I’m not super confident in the above and wouldn’t discourage people from doing alignment work now (plus the obvious nuance that it’s not one big lump, there are some things that can be done later and some that can be done earlier) but the idea of alignment work that requires a whole bunch of work in serial, independent of AI capability work, doesn’t seem plausible to me. From Nate Soares’ post:
This is the kind of thing that seems inextricably bound up with capability work to me. My impression is that MIRI tends to think that whatever route we take to get to AGI, as it moves from subhuman to human-level intelligence it will transform to be like the minds that they theorize about (and they think this will happen before it goes foom) no matter how different it was when it started. So even if they don’t know what a state of the art RL agent will look like five years from now, they feel confident they can theorize about what it will look like ten years from now. Whereas my view is that if you can’t get the former right you won’t get the latter right either.
To the extent that intelligences will converge towards a certain optimal way of thinking as they get smarter, being able to predict what that looks like will involve a lot of capability work (“Hmm, maybe it will learn like this; let’s code up an agent that learns that way and see how it does”). If you’re not grounding your work in concrete experiments you will end up with mistakes in your view of what an optimal agent looks like and no way to fix them.
A big part of my view is that we seem to still be a long way from AGI. This hinges on how “real” the intelligence behind LLMs is. If we have to take the RL route then we are a long way away—I wrote a piece on this, “What Happened to AIs Learning Games from Pixels?”, which points out how slow the progress has been and covers the areas where the field is stuck. On the other hand if we can get most of the way to AGI just with massive self-supervised training then it starts seeming more likely that we’ll walk into AGI without having a good understanding of what’s going on. I think that the failure of VPT for minecraft compared to GPT for language, and the difficulty LLMs have with extrapolation and innovation, means that self-supervised learning won’t be enough without more insight. I’ll be paying close attention to how GPT-4 and other LLMs do over the next few years to see if they’re making progress faster than I thought, but I talked to chatGPT and it was way worse than I thought it’d be.

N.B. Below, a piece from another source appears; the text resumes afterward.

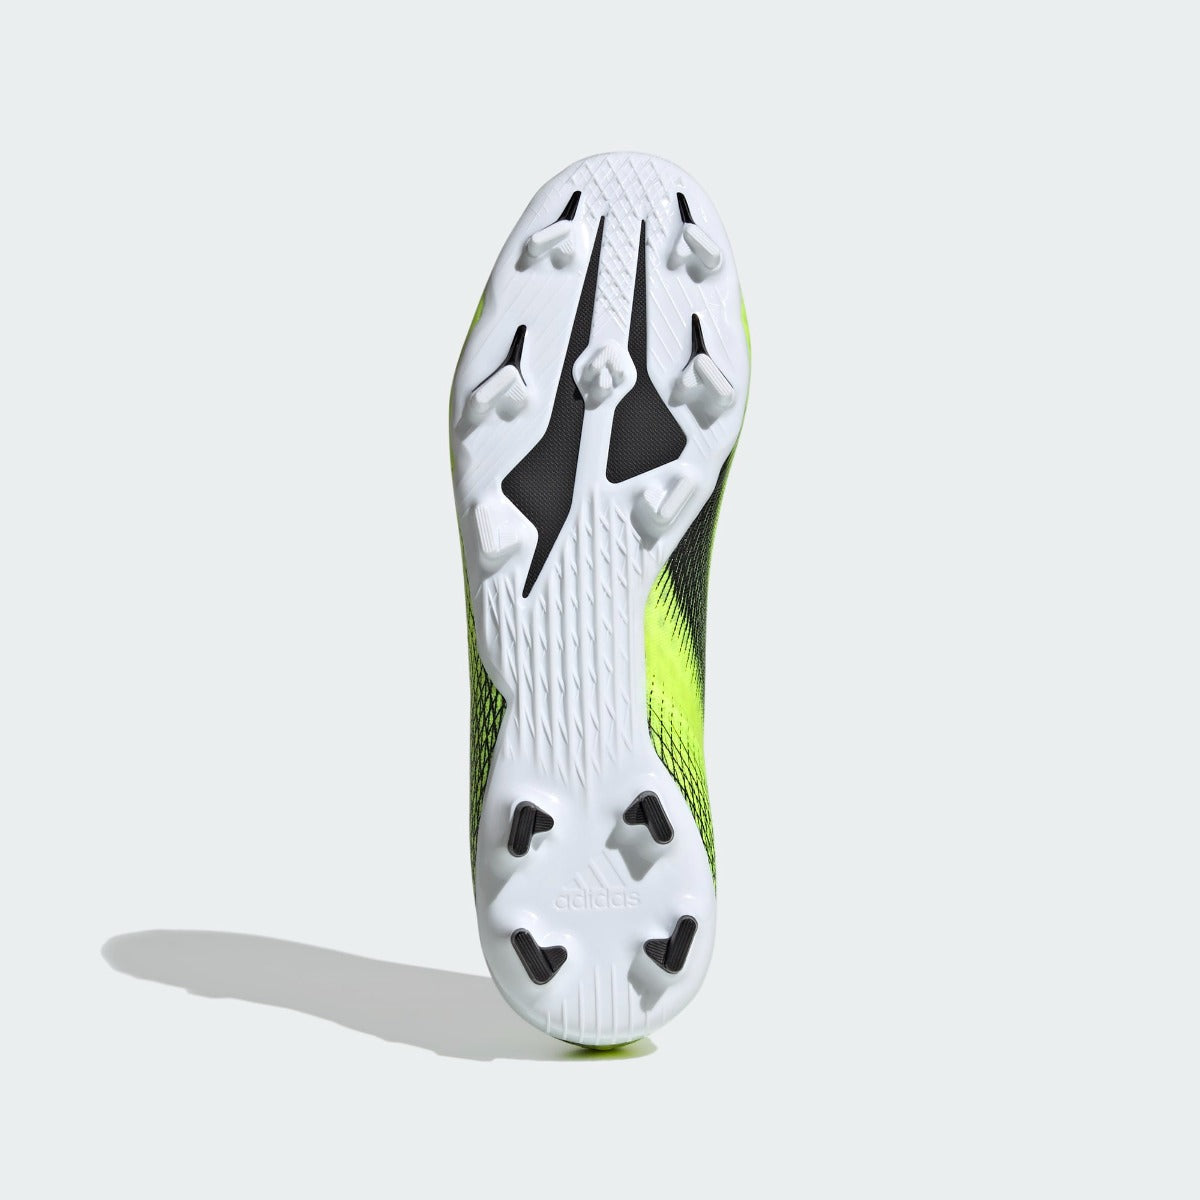 Adidas X Ghosted .3 Laceless FG - Volt-Black
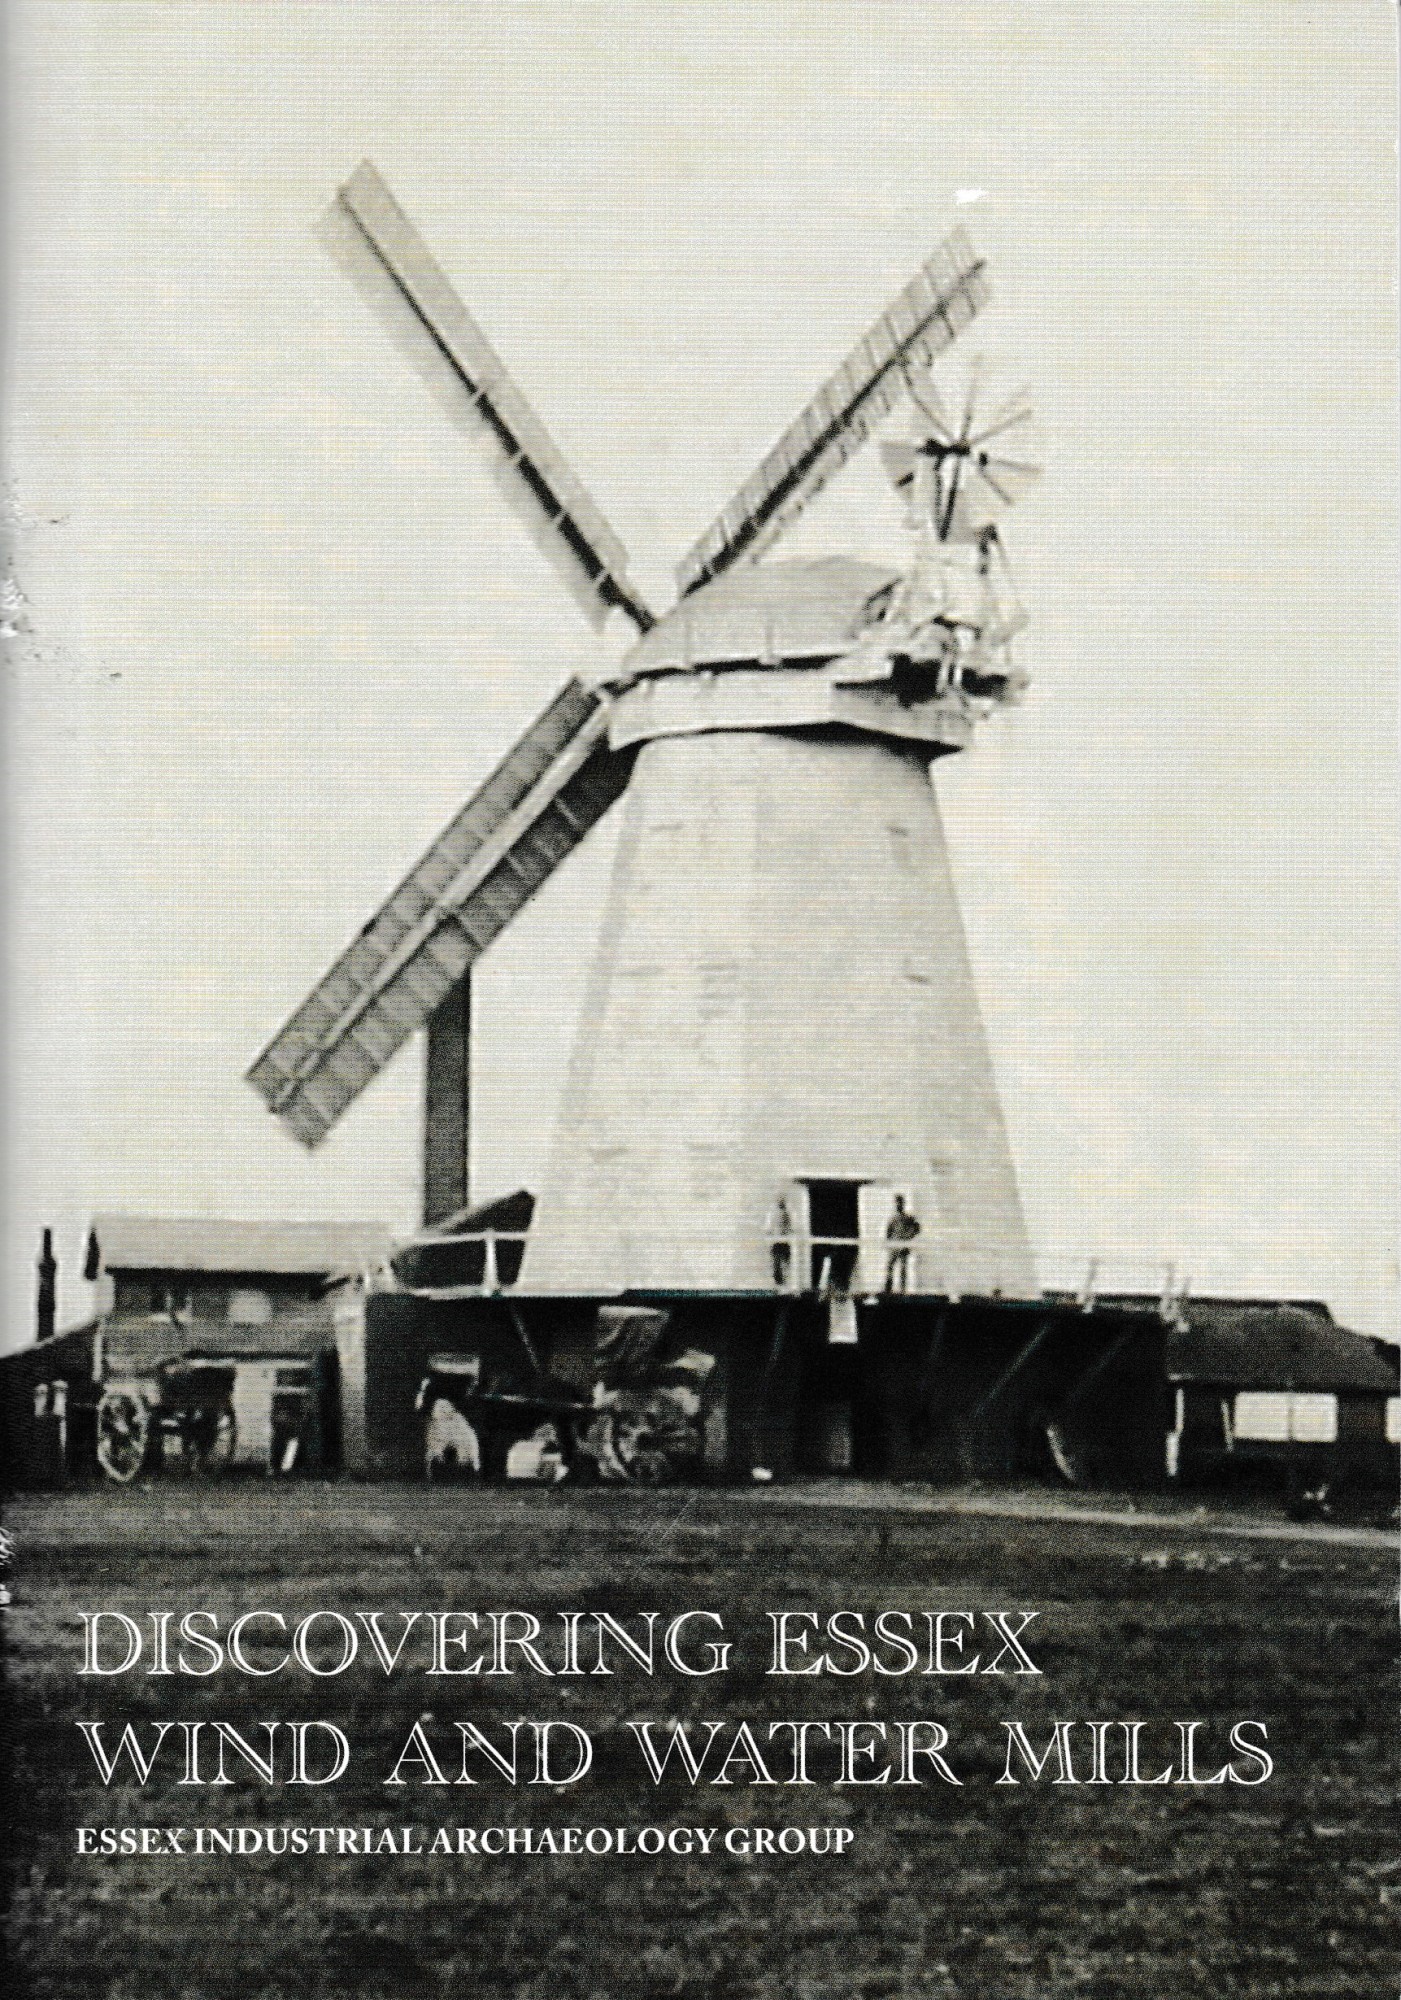 Discovering Essex Wind and Water Mills eiag illustration 1

I like your comments, 307th, and your linked post on RL SotA. I don’t agree with everything you say, but I some of what you say is quite on point. In particular I agree that ‘RL is currently being rather unimpressive in achieving complicated goals in complex wide-possible-action-space simulation worlds’. I agree that some fundamental breakthroughs are needed to change this, not just scaling existing methods. I disagree that such breakthroughs will necessarily require many calendar years of research. I think probably the eyes of the big research labs will soon be turning to focus more fully upon tackling complex-world RL, and that it won’t be long at all before significant breakthroughs start being made.
I think rather than thinking about research progress in terms of years, or even ‘researcher hours’, it’s more helpful to think of progress in terms of ‘research points’ devoted to the specific topic. An hour of a highly effective researcher at a well-funded lab, with a well-setup research environment that makes new experiments easy to run is worth vastly more ‘research points’ towards a topic than an hour of a compute-limited grad student without polished experiment-running code patterns, without access to huge compute resources, and without much experience running large experiments over many variables.